# [What to work on]
For every entry below, give it back exactly and leave out any image.

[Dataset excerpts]
☆ ☆ ☆ ☆ ☆ ☆ ☆

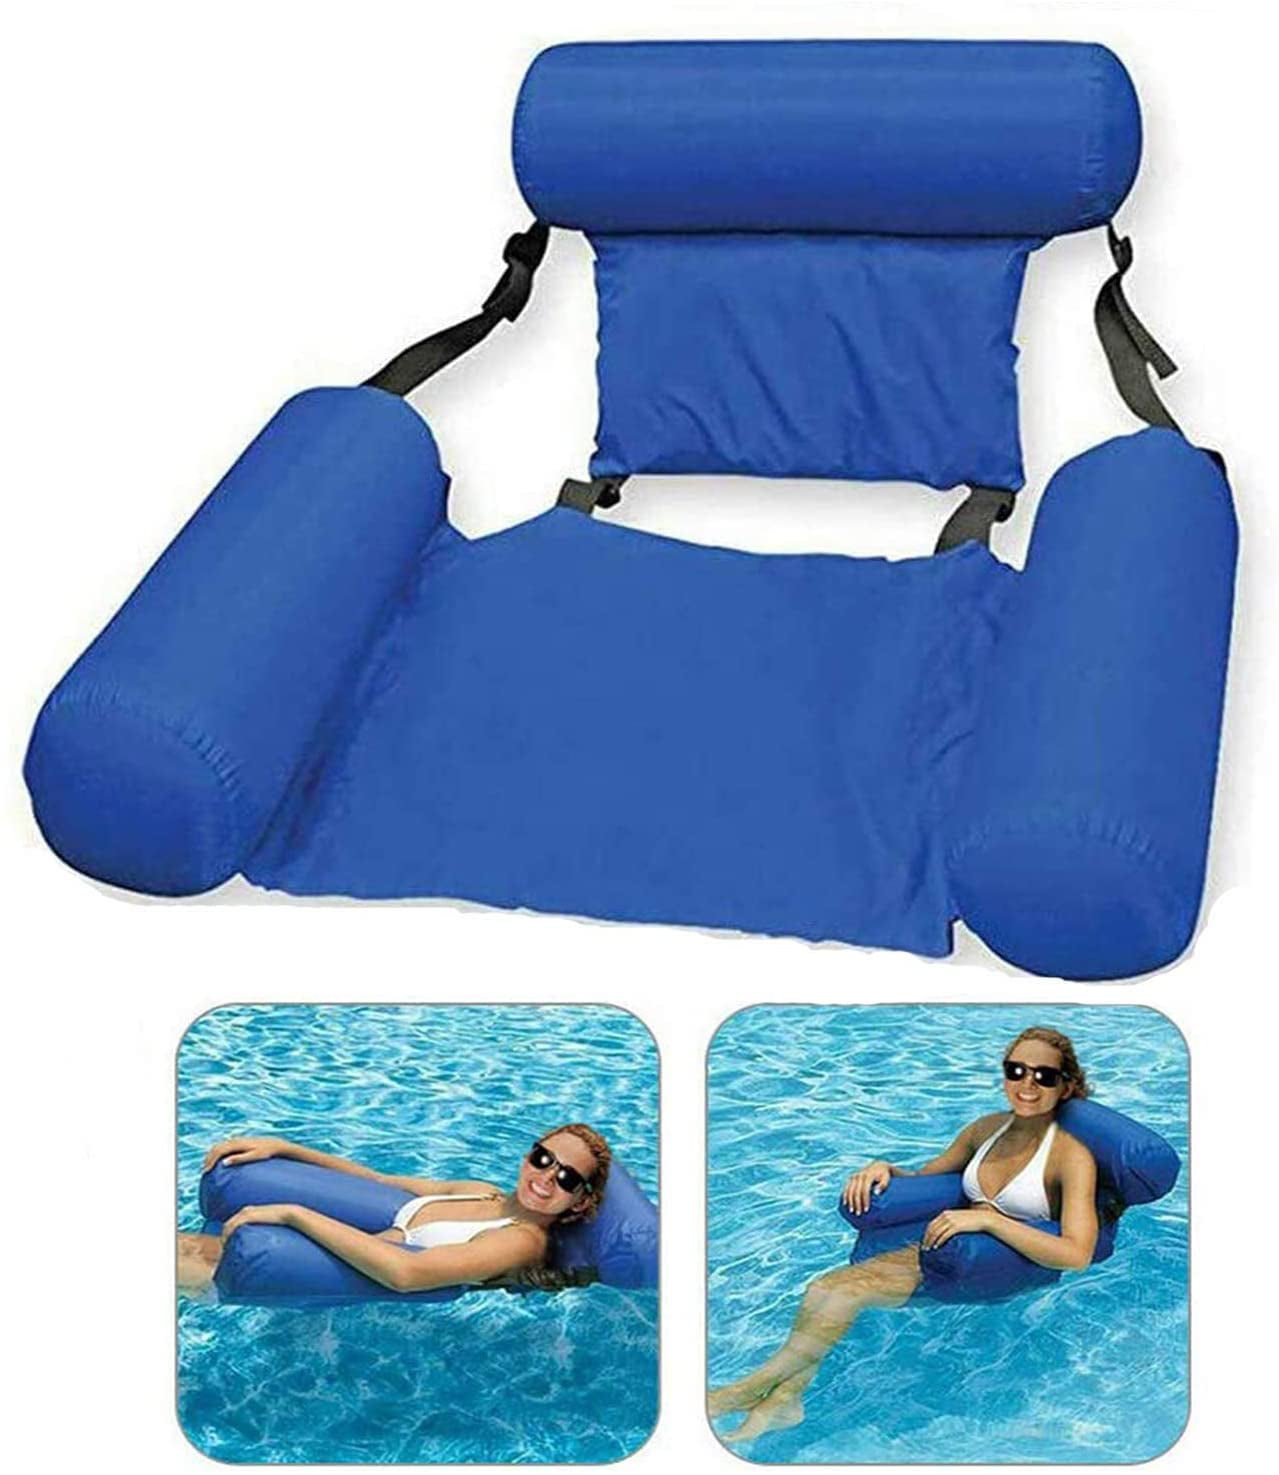 Inflatable Ride On Swimming Pool Beach Toy Water Hammock Float Rider Air Bed New 
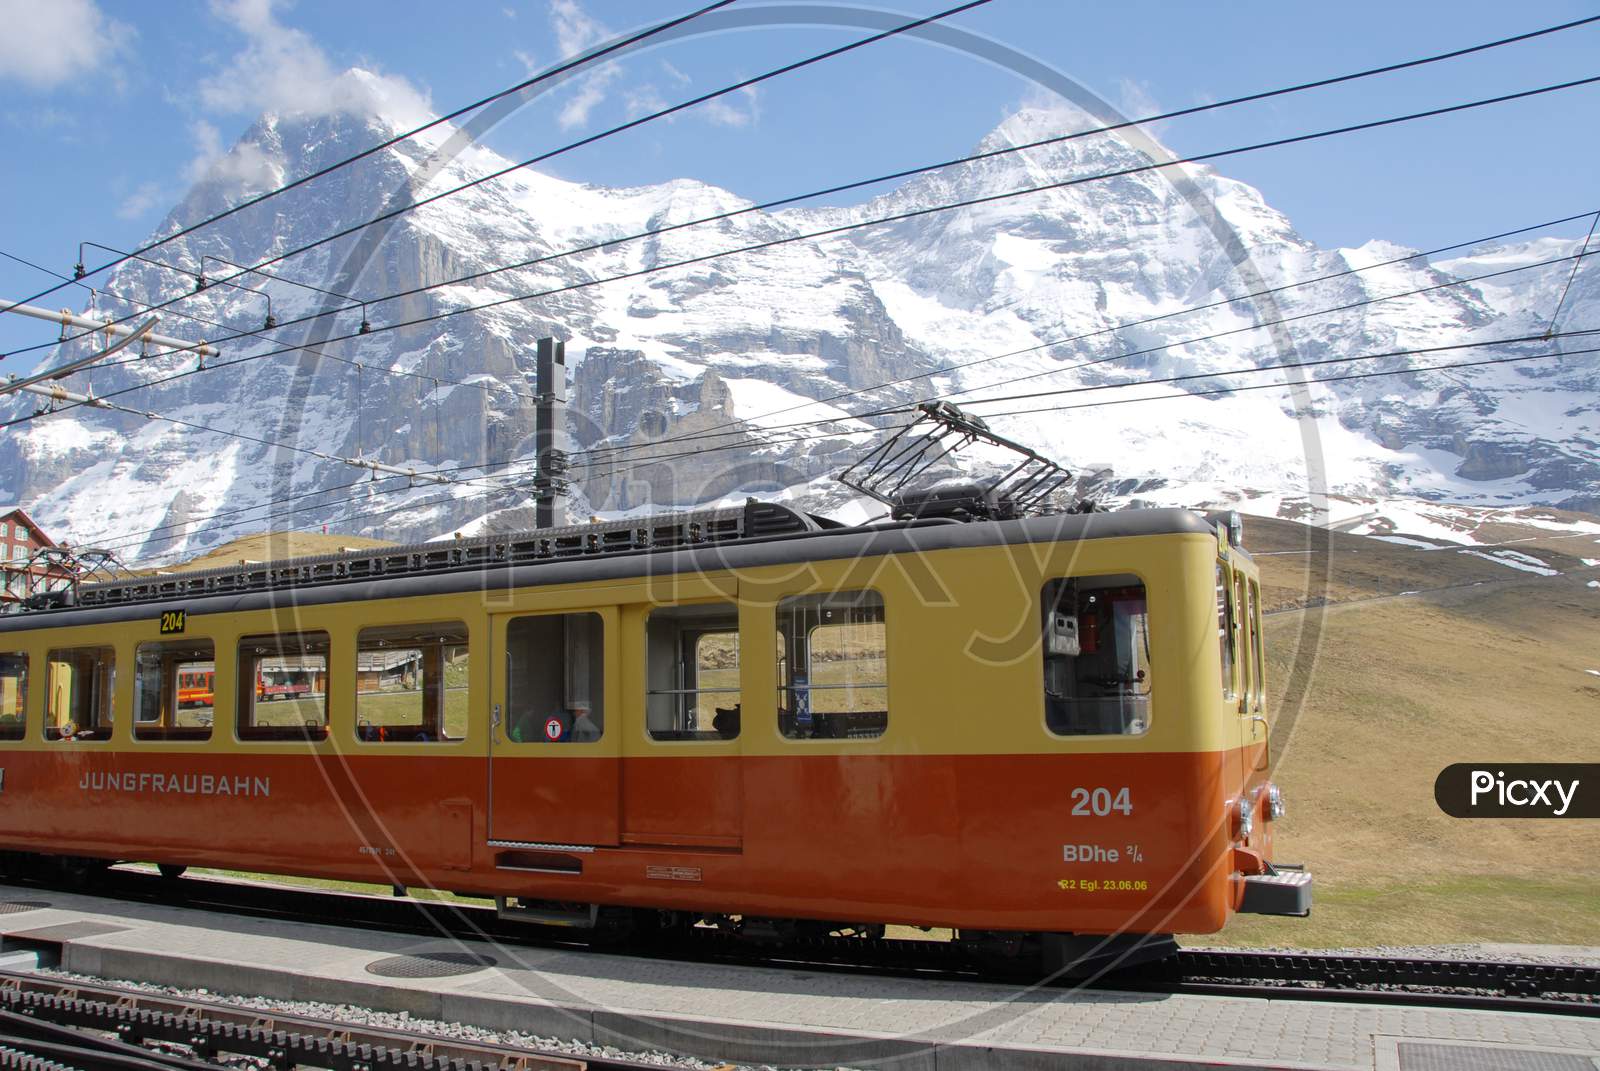 Cable Trains in The Terrains of Switzerland  With out Tourists Due To Corona Virus Or COVID-19 Outbreak
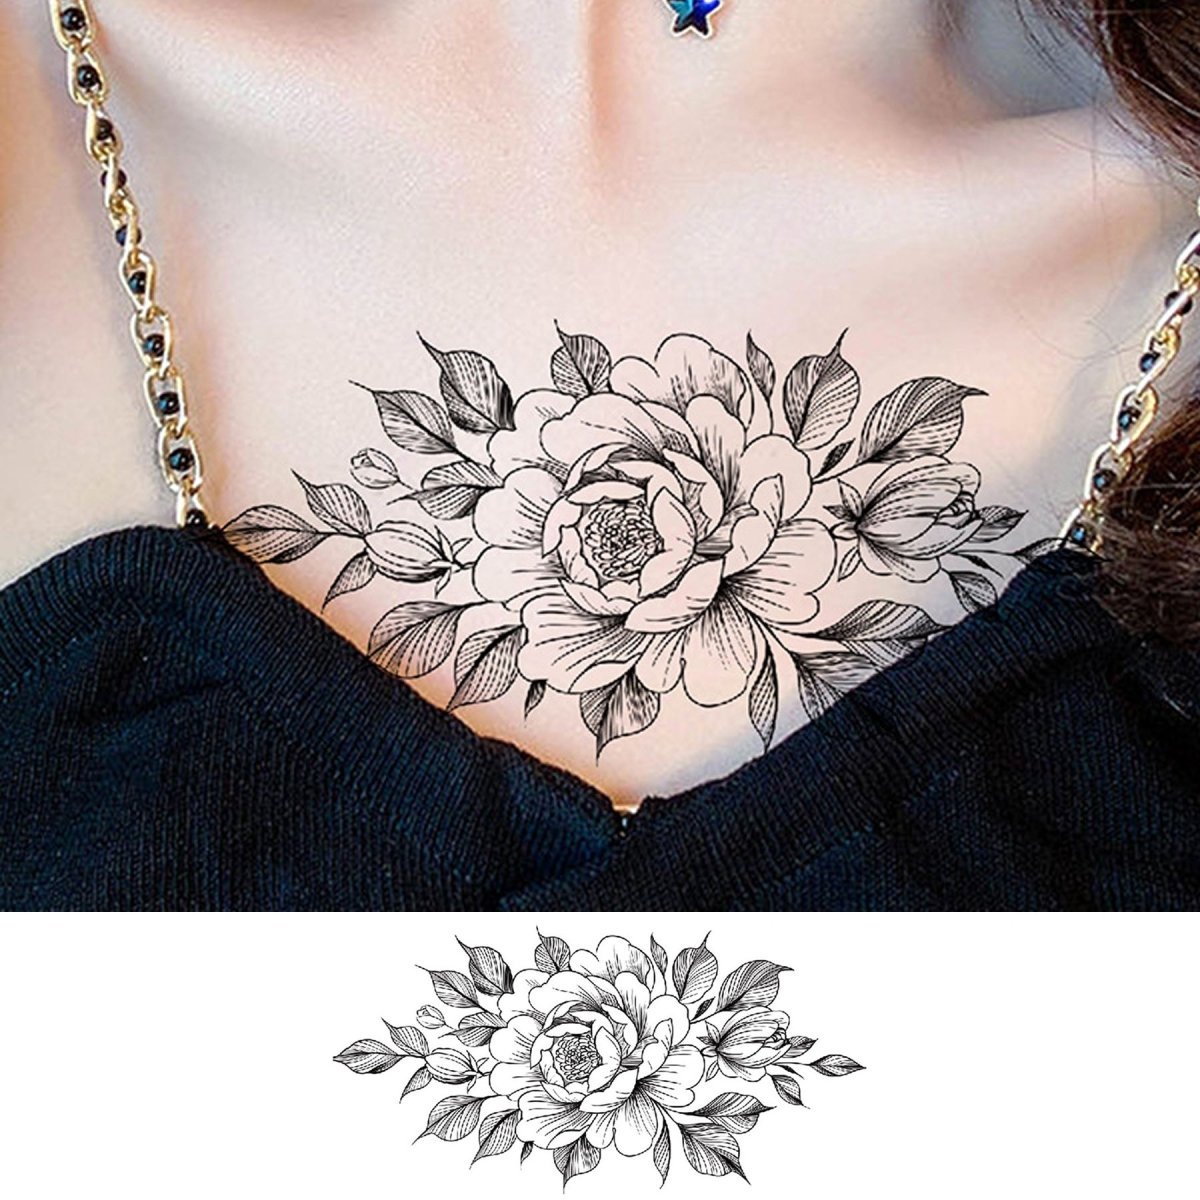 Details more than 235 female floral tattoos super hot
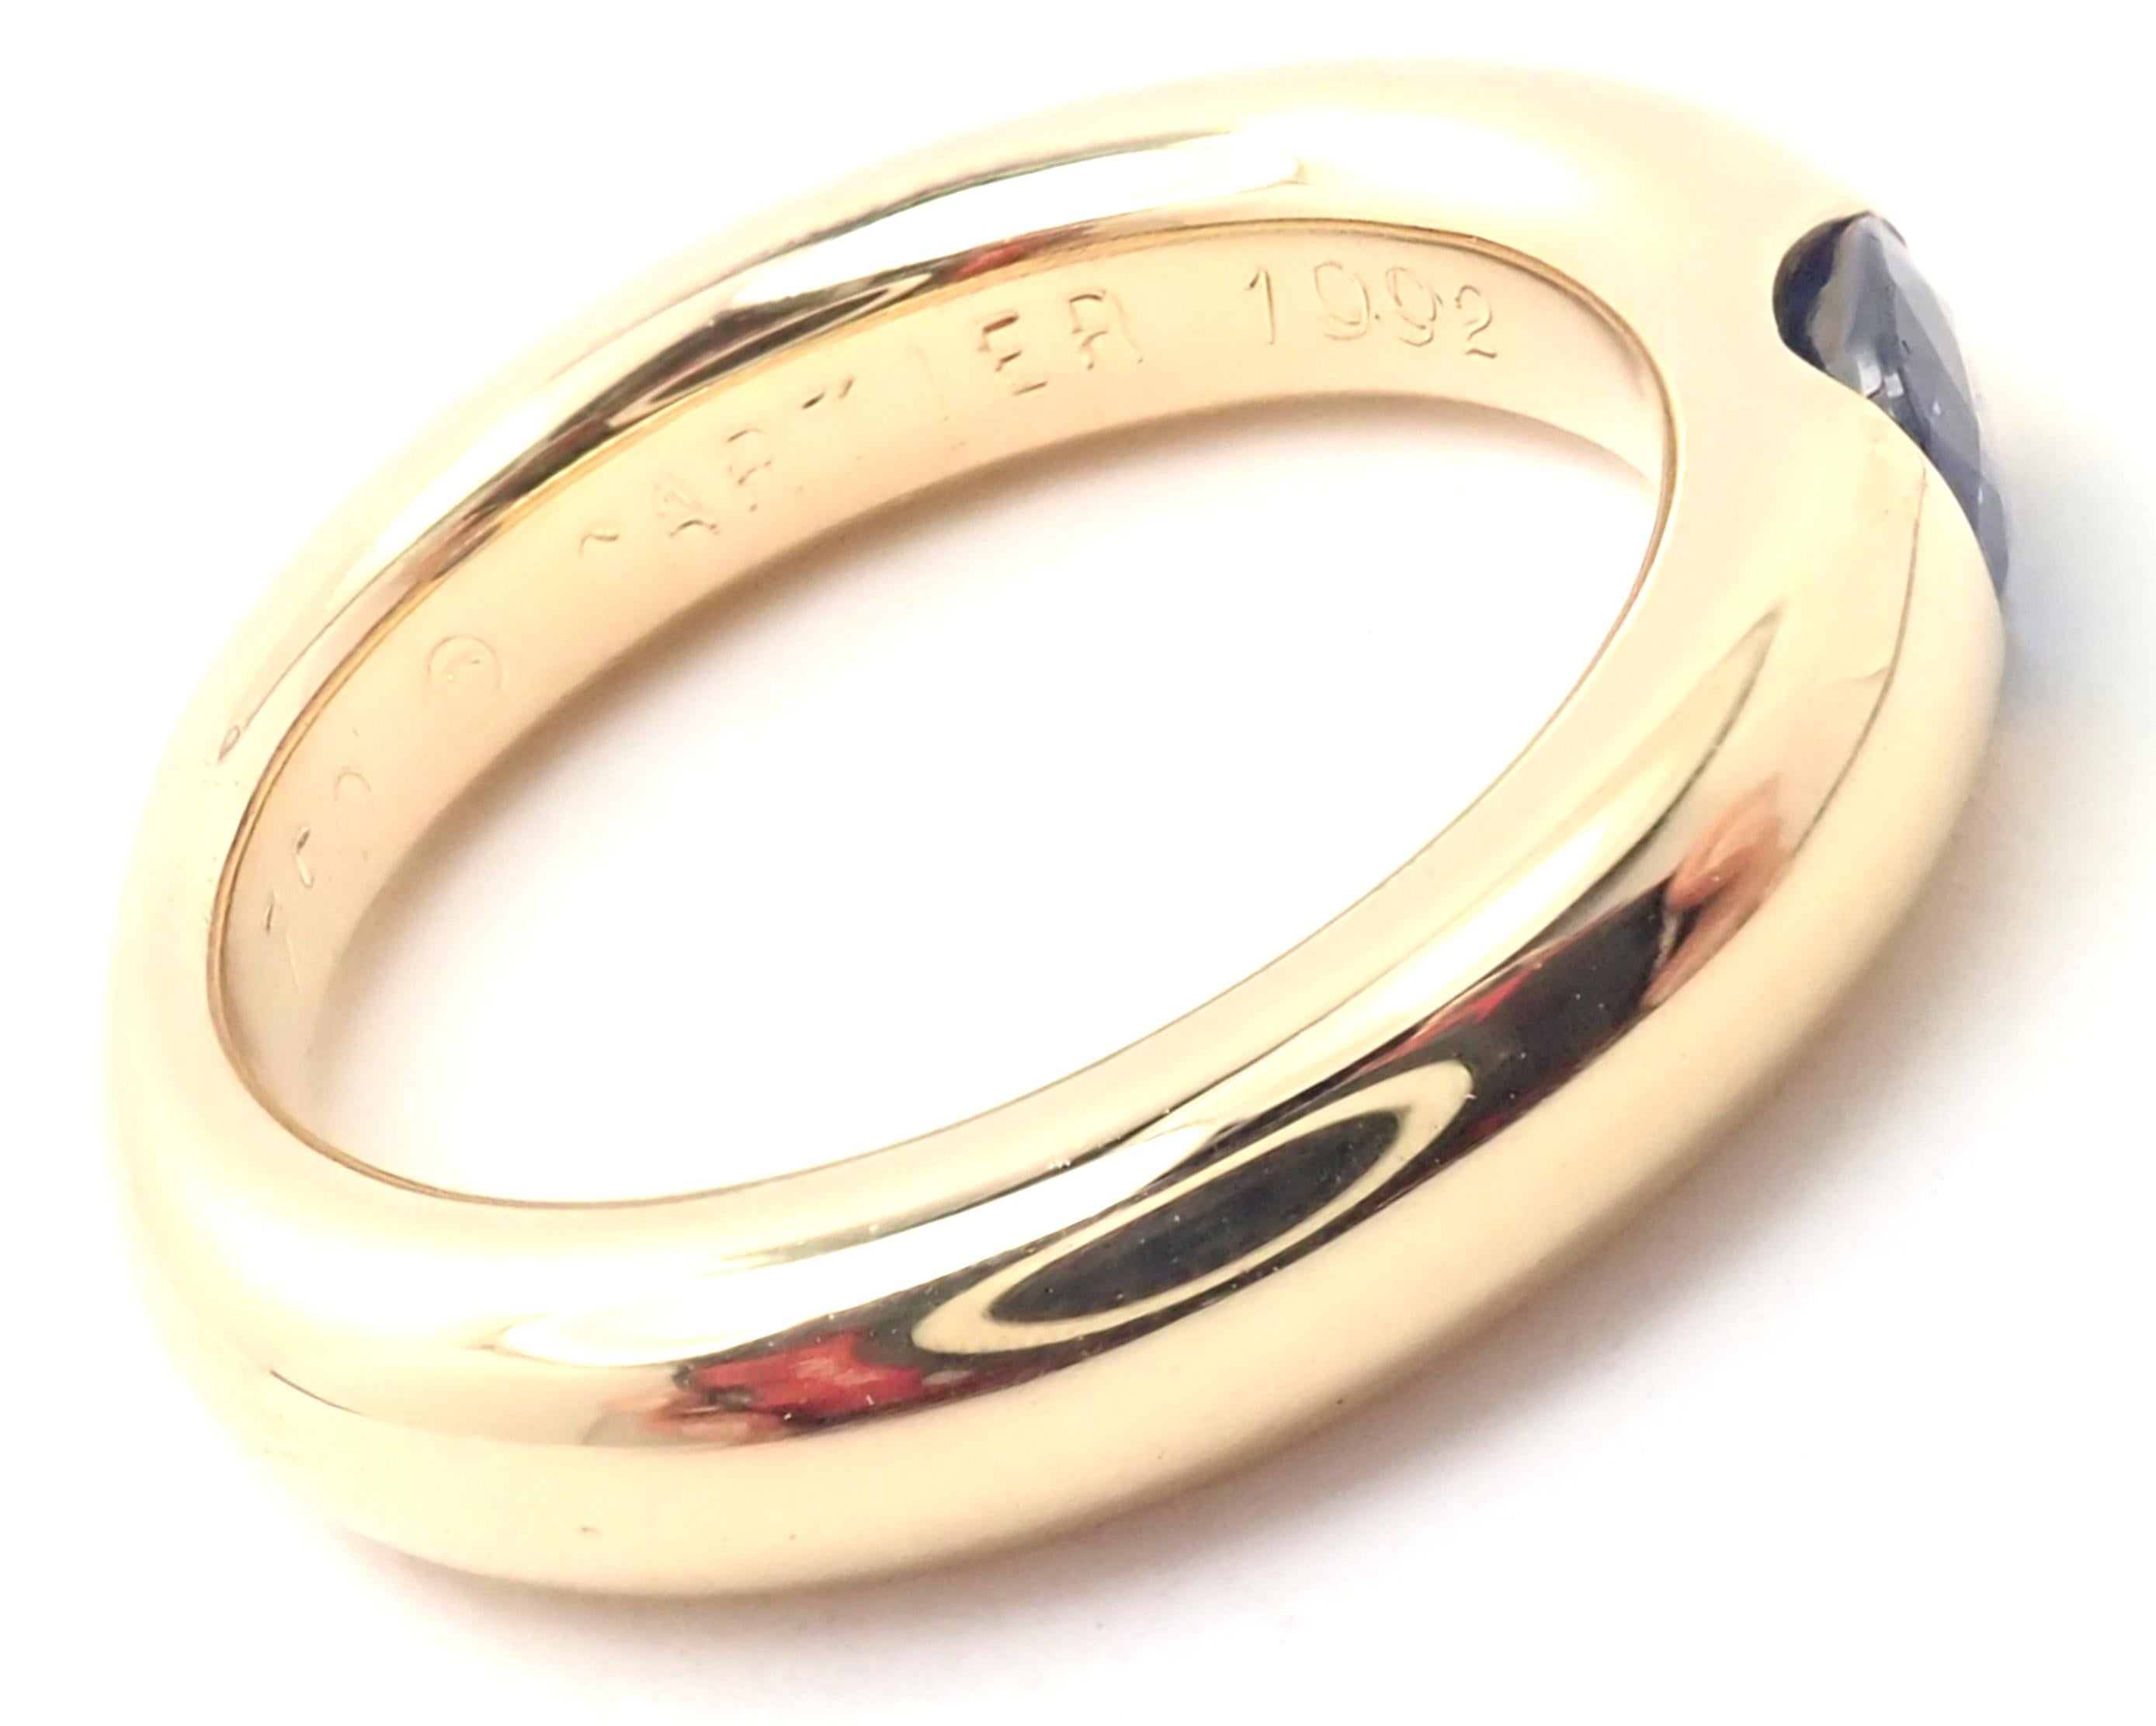 18k Yellow Gold Ellipse Sapphire Band Ring by Cartier.
With 1 oval-shaped beautiful sapphire 5mm x 4mm.
Details:
Width: 4mm
Weight: 9.1 grams
Ring Size: European 51, US 5 3/4
Stamped Hallmarks: Cartier 750 51 1992 96XXX(serial number omitted)
*Free

☆ ☆ ☆ ☆ ☆ ☆ ☆

# [Written answer]
 Inflatable Ride On Swimming Pool Beach Toy Water Hammock Float Rider Air Bed New 
 Cable Trains in The Terrains of Switzerland  With out Tourists Due To Corona Virus Or COVID-19 Outbreak
 Details more than 235 female floral tattoos super hot
 18k Yellow Gold Ellipse Sapphire Band Ring by Cartier.
With 1 oval-shaped beautiful sapphire 5mm x 4mm.
Details:
Width: 4mm
Weight: 9.1 grams
Ring Size: European 51, US 5 3/4
Stamped Hallmarks: Cartier 750 51 1992 96XXX(serial number omitted)
*Free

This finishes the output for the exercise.